Start of Records

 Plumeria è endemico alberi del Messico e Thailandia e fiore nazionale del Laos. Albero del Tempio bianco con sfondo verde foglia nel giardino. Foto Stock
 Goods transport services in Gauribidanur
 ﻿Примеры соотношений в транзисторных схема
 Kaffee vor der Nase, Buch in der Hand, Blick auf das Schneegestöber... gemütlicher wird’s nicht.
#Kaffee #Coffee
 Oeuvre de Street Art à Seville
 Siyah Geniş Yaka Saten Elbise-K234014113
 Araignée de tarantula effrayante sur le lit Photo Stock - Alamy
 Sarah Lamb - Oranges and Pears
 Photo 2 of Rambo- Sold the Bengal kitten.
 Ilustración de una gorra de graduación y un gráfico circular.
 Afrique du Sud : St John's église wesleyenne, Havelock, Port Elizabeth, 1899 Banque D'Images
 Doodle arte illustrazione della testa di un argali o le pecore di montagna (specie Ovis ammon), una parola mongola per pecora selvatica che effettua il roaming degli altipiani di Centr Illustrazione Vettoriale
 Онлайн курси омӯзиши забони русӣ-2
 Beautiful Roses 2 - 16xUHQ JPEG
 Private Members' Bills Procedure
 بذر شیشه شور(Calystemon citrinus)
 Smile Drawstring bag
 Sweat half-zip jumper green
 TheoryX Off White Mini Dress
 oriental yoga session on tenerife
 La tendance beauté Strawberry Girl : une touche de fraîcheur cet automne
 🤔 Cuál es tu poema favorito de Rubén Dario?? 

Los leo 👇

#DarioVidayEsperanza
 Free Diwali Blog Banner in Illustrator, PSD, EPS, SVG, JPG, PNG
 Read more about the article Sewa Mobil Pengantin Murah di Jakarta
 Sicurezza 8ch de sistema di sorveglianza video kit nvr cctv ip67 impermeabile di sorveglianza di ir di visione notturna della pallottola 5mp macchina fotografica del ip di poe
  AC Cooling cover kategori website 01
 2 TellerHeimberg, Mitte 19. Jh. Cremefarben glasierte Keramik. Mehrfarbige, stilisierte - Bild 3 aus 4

End of Records

**Exercise directions:**
Give back the opening line of the records above and every line after it, up to and including the one with "в транзисторных схема", unchanged.

**Solution:**
 Plumeria è endemico alberi del Messico e Thailandia e fiore nazionale del Laos. Albero del Tempio bianco con sfondo verde foglia nel giardino. Foto Stock
 Goods transport services in Gauribidanur
 ﻿Примеры соотношений в транзисторных схема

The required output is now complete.